Both get a bad rap. However, most being based largely on facts and critical thinking end up being true. Of course there is often disdain because they go against government narratives and or popular myths.

Rather than list all the many instances in recent history, let me propose a new one of my own. I have no way to prove this nor haven’t heard publicly anyone else bring up the possibility.
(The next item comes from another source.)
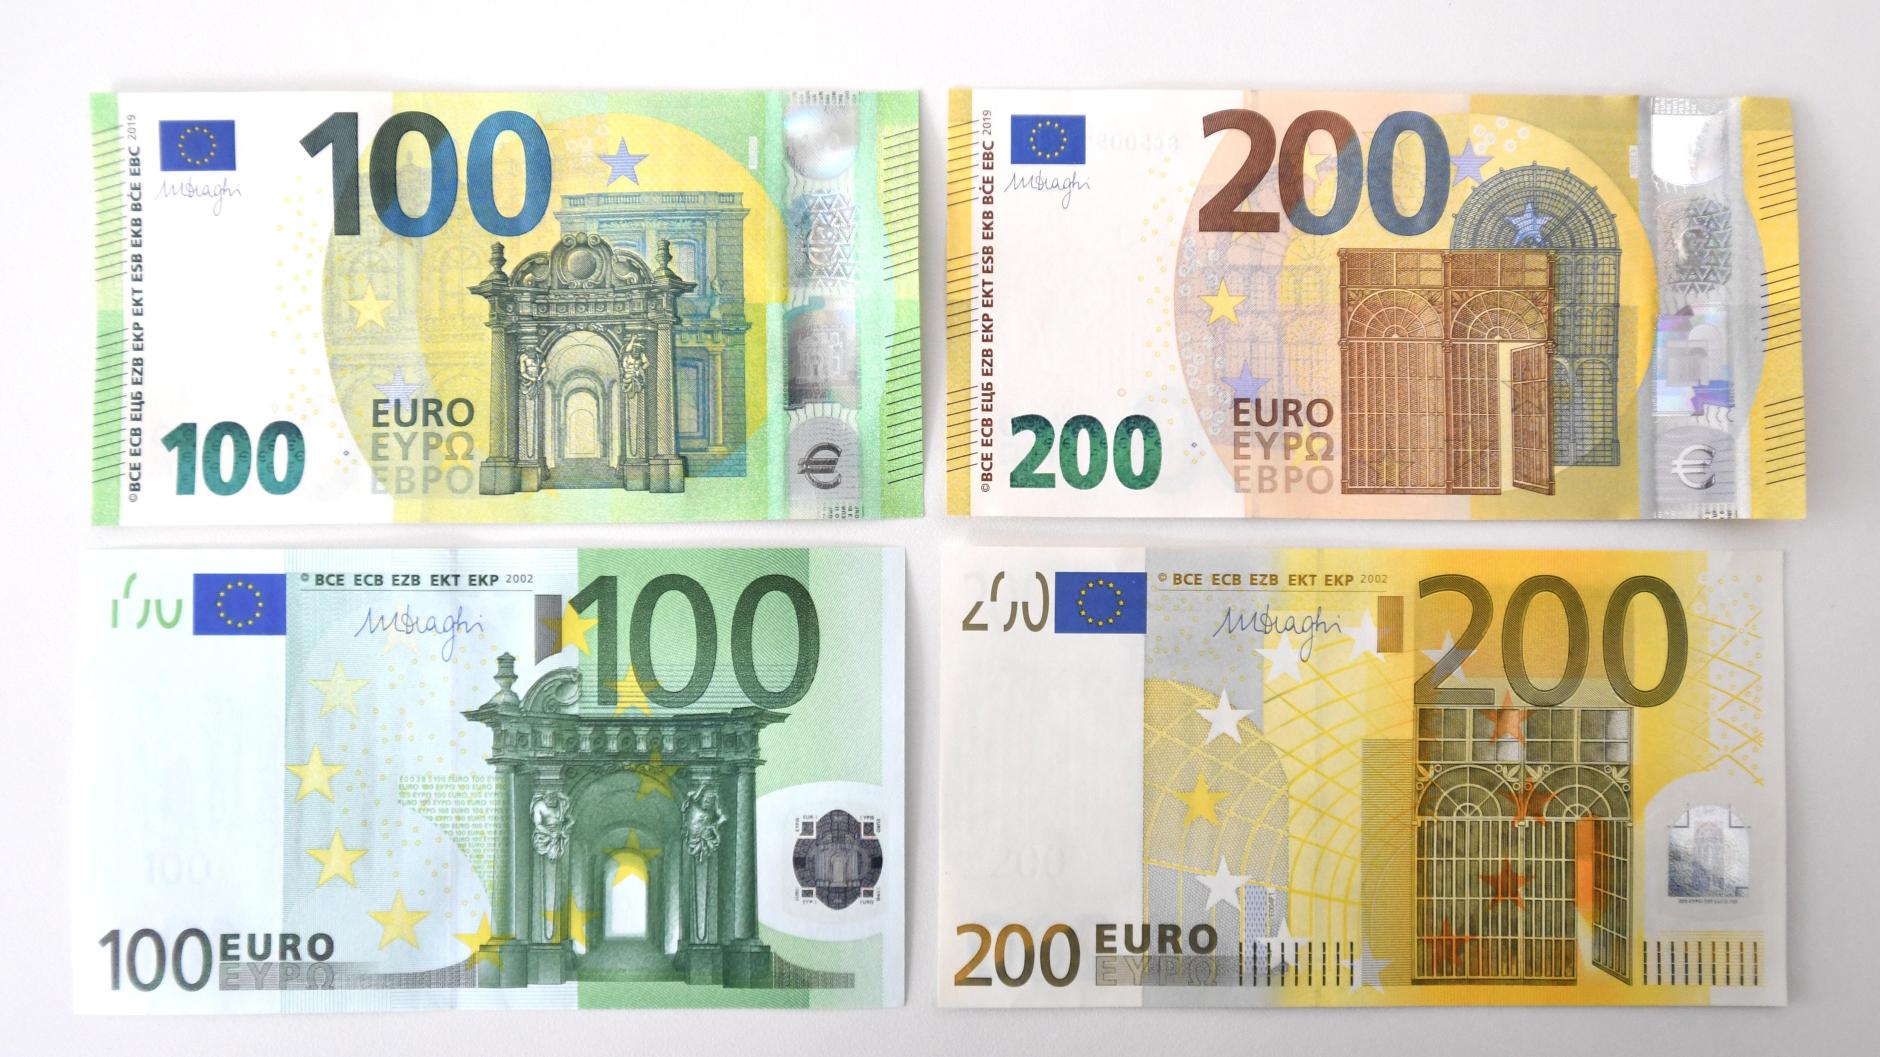 Крупная купюра евро. Купюра 200 евро. 100 Евро купюра. 100 Евро купюра в Германии. Купюра 200 евро как выглядит.
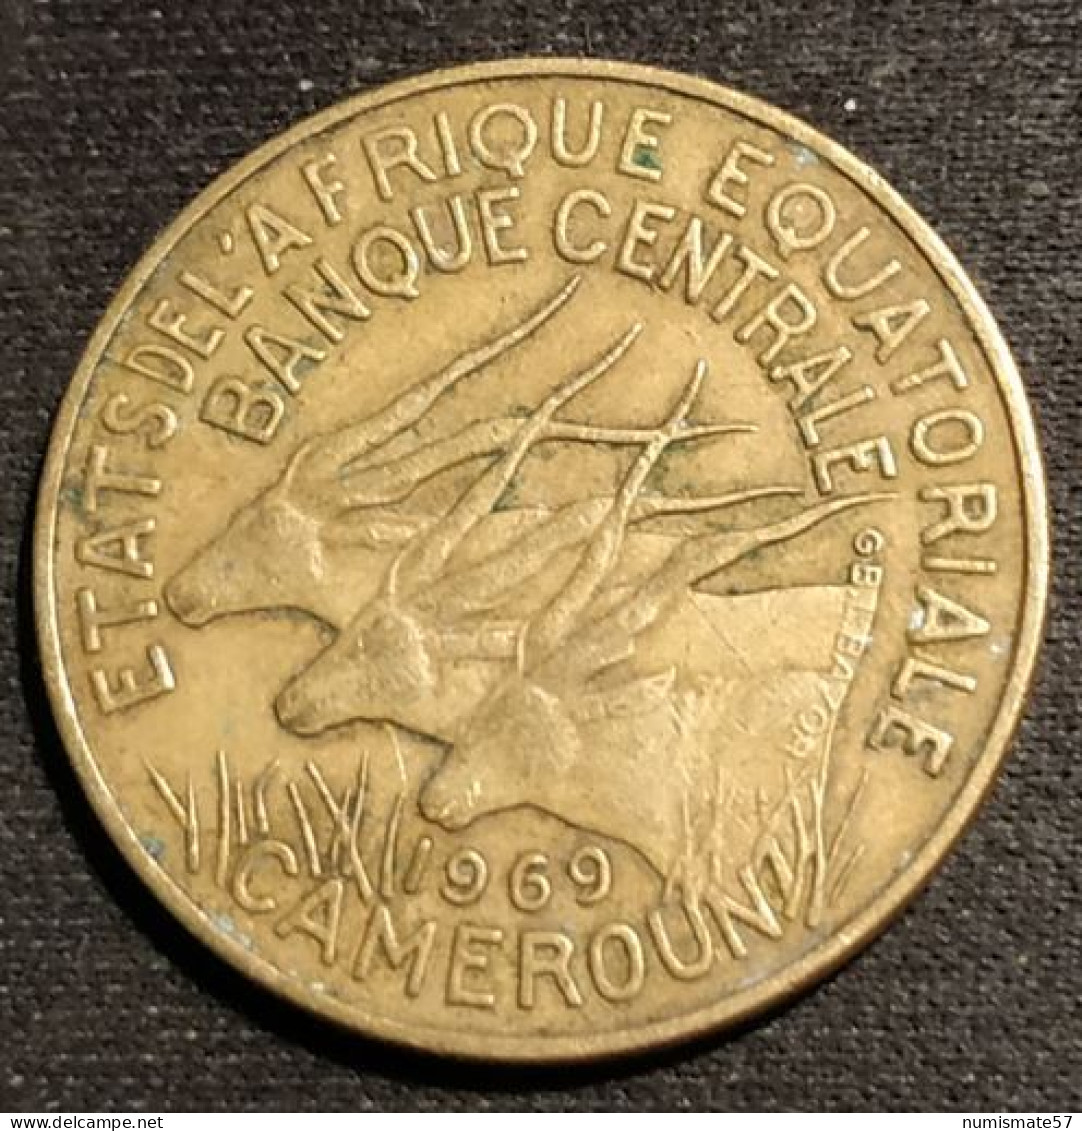 CAMEROUN - ETATS DE L'AFRIQUE EQUATORIALE - 10 FRANCS 1969 - KM 2a - Cameroon

I was thinking about this recently and can’t remember if I ever threw it out there in a comment somewhere.

Given the nature of how stock trading has changed over the decades and in recent years particularly, I believe that one of the many reasons stocks in general and high tech mammoths specifically, seem to have become one decision (buy and hold) stocks, is the very large dark pools being run by banks and some other financial institutions.

I think there is a dirty little secret that companies like Apple, Nvidia, Microsoft and the other very large tech companies with lots of cash and or top shelf credit lines, aggressively buy their own shares to keep them levitating.(nothing new there)

The unofficial deal(conspiracy on my part) is that during the quarterly periods, where for a number of weeks the companies aren’t suppose to buy back shares in front of their earnings releases, the banks and others are buying more than normal to keep the shares supported, until the blackout periods end.

They know that the companies will again start buying, so even if they sometimes have losses on their purchases, the companies will bail them out when they come back into the market.

These incestuous relationships, where the banks lend these companies money, support their stocks, even recommend them to their clients (if they are investment banks) maybe run their internal buyback and employee stock option plans etc. makes for a lot of opportunity for conflicts of interest. I have no proof, just my opinion.